**Collected material**
--- START ---

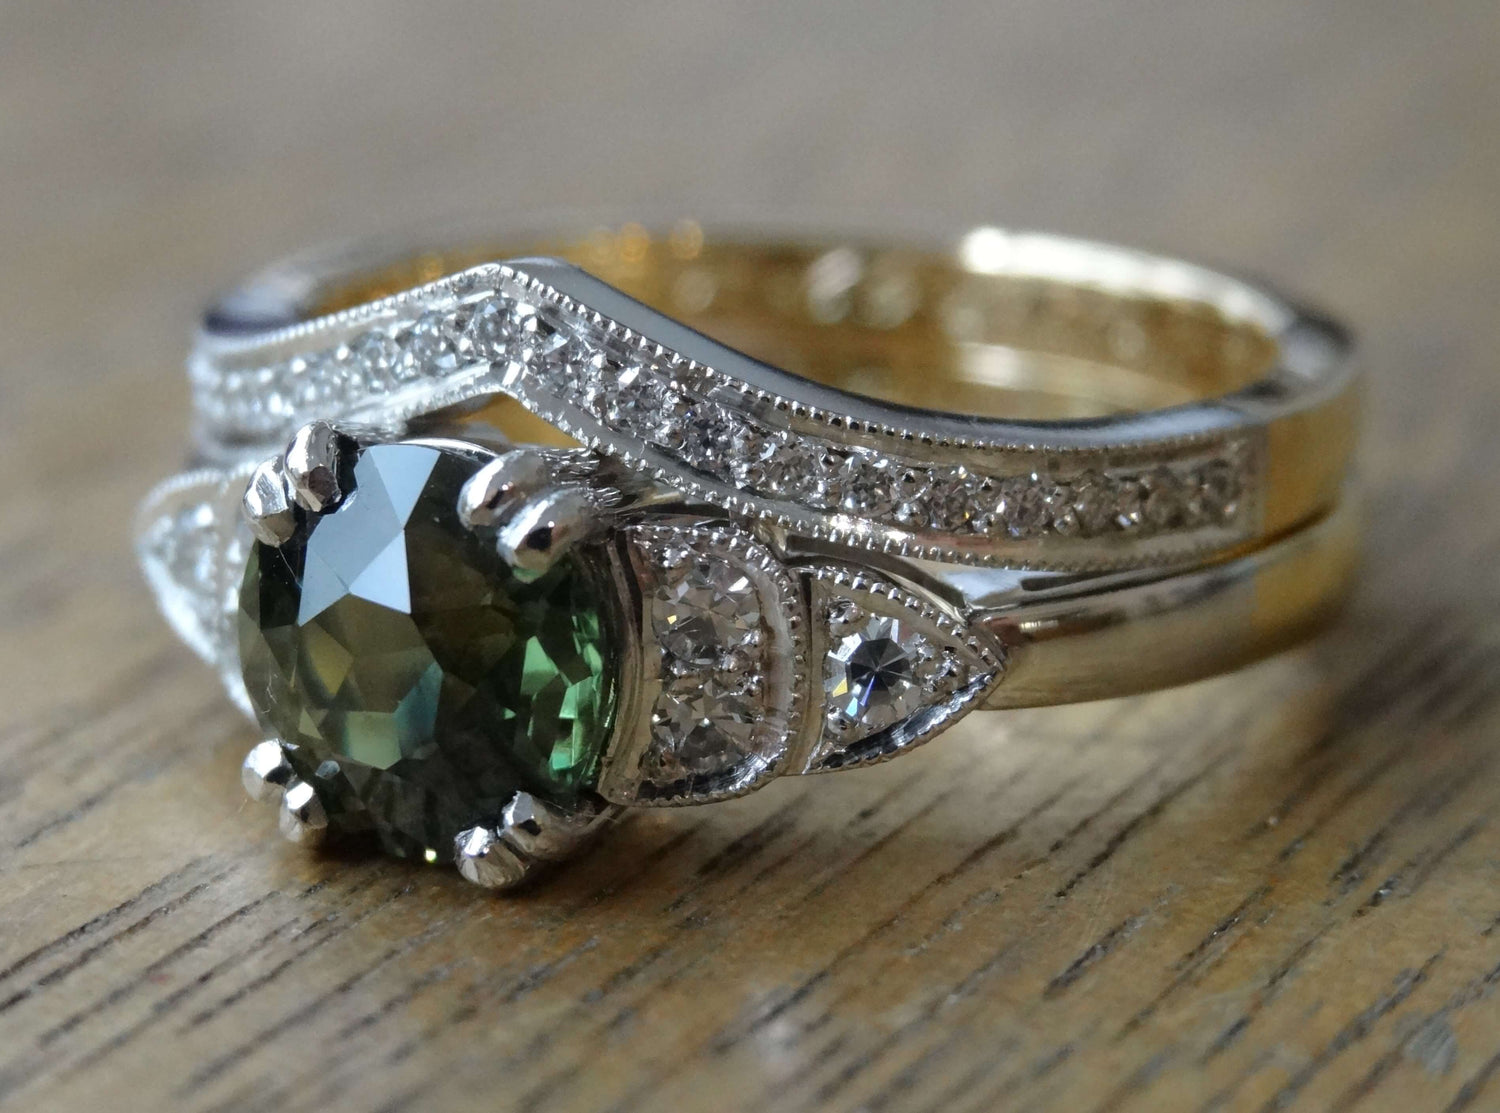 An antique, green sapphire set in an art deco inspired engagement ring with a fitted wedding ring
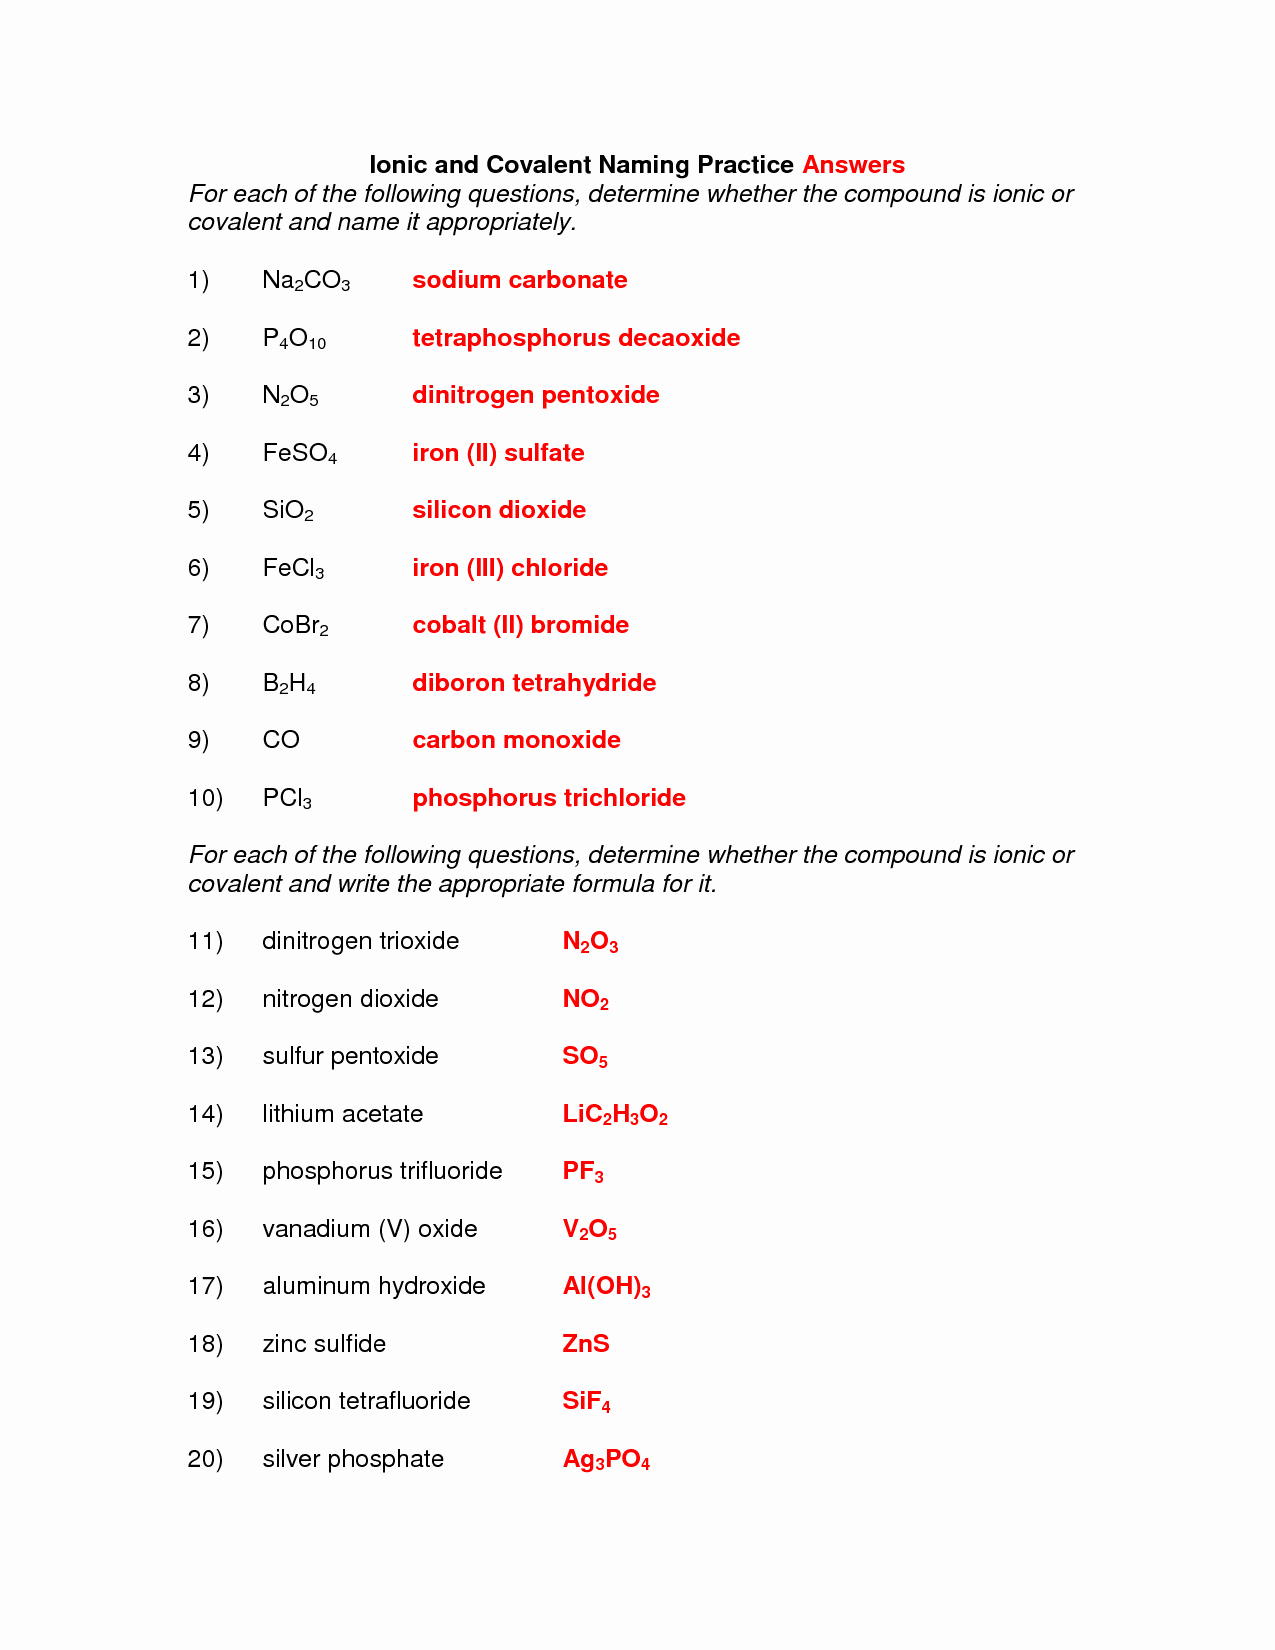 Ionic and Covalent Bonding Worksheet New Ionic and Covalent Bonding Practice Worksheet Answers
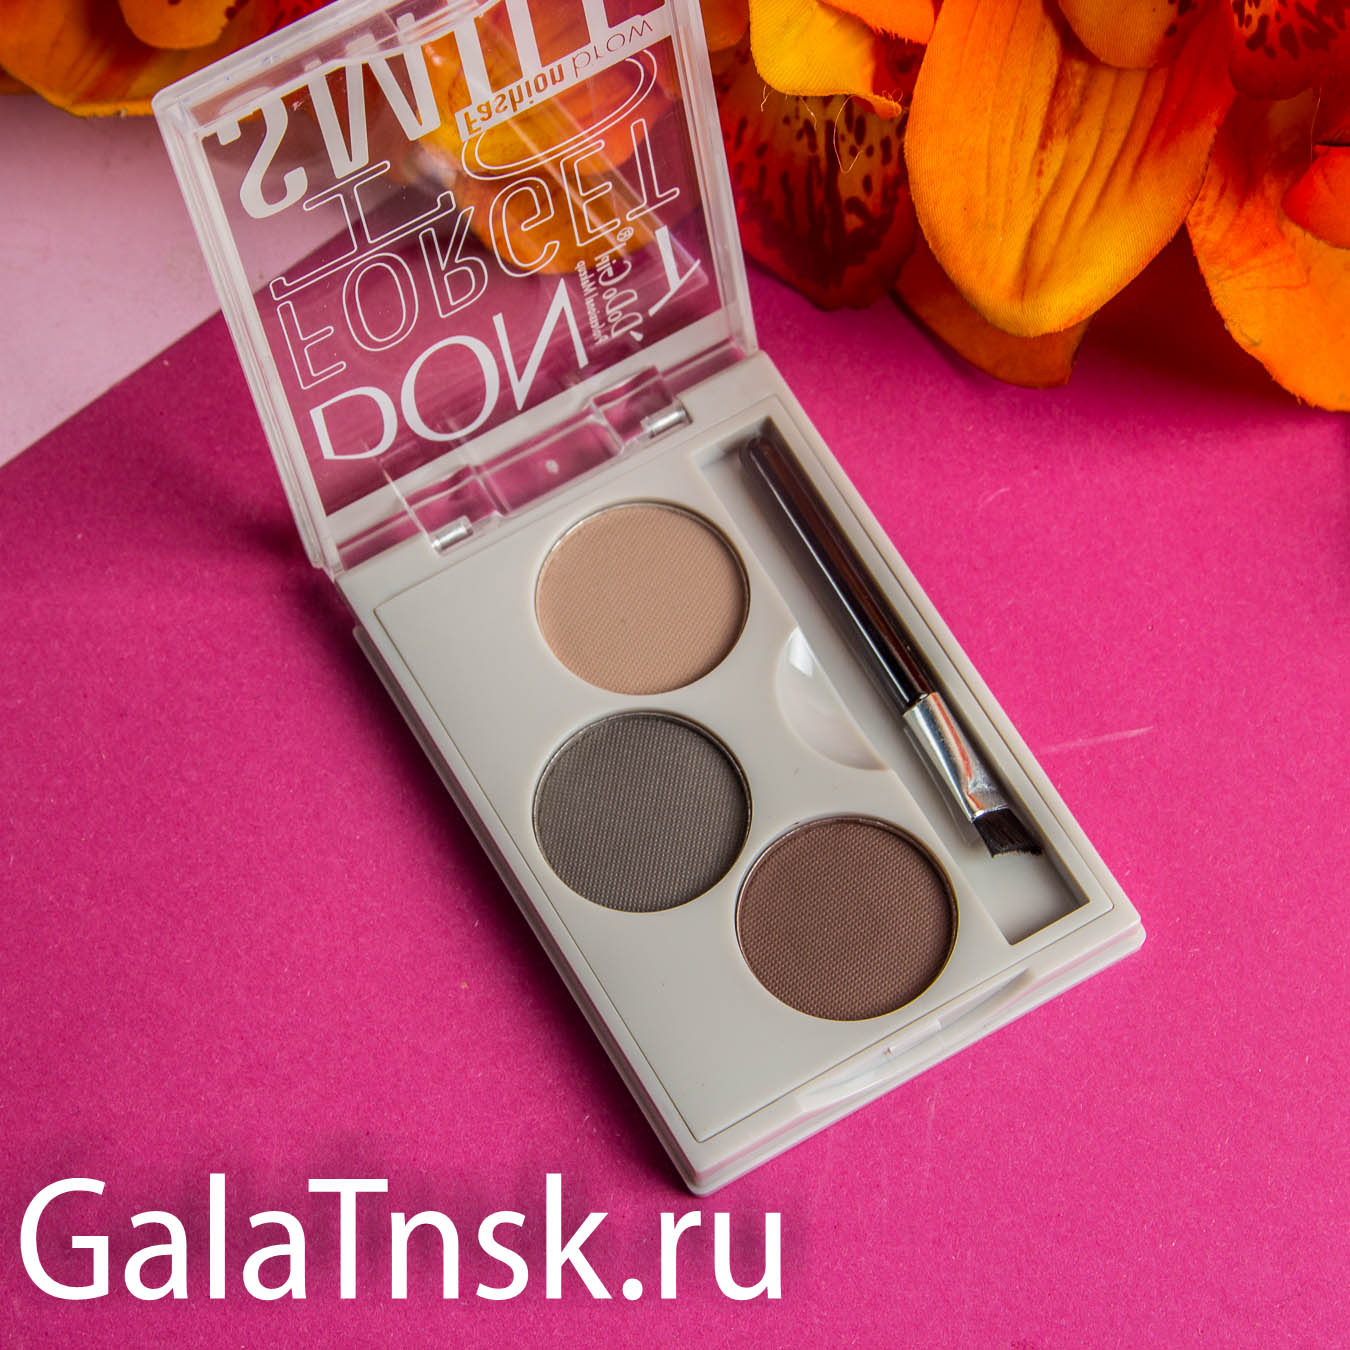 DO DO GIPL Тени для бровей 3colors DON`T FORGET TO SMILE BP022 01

--- END ---

**Problem to solve**
Write down the full listing above exactly as it is, except for any images.

**Response to this task**
 An antique, green sapphire set in an art deco inspired engagement ring with a fitted wedding ring
 Ionic and Covalent Bonding Worksheet New Ionic and Covalent Bonding Practice Worksheet Answers
 DO DO GIPL Тени для бровей 3colors DON`T FORGET TO SMILE BP022 01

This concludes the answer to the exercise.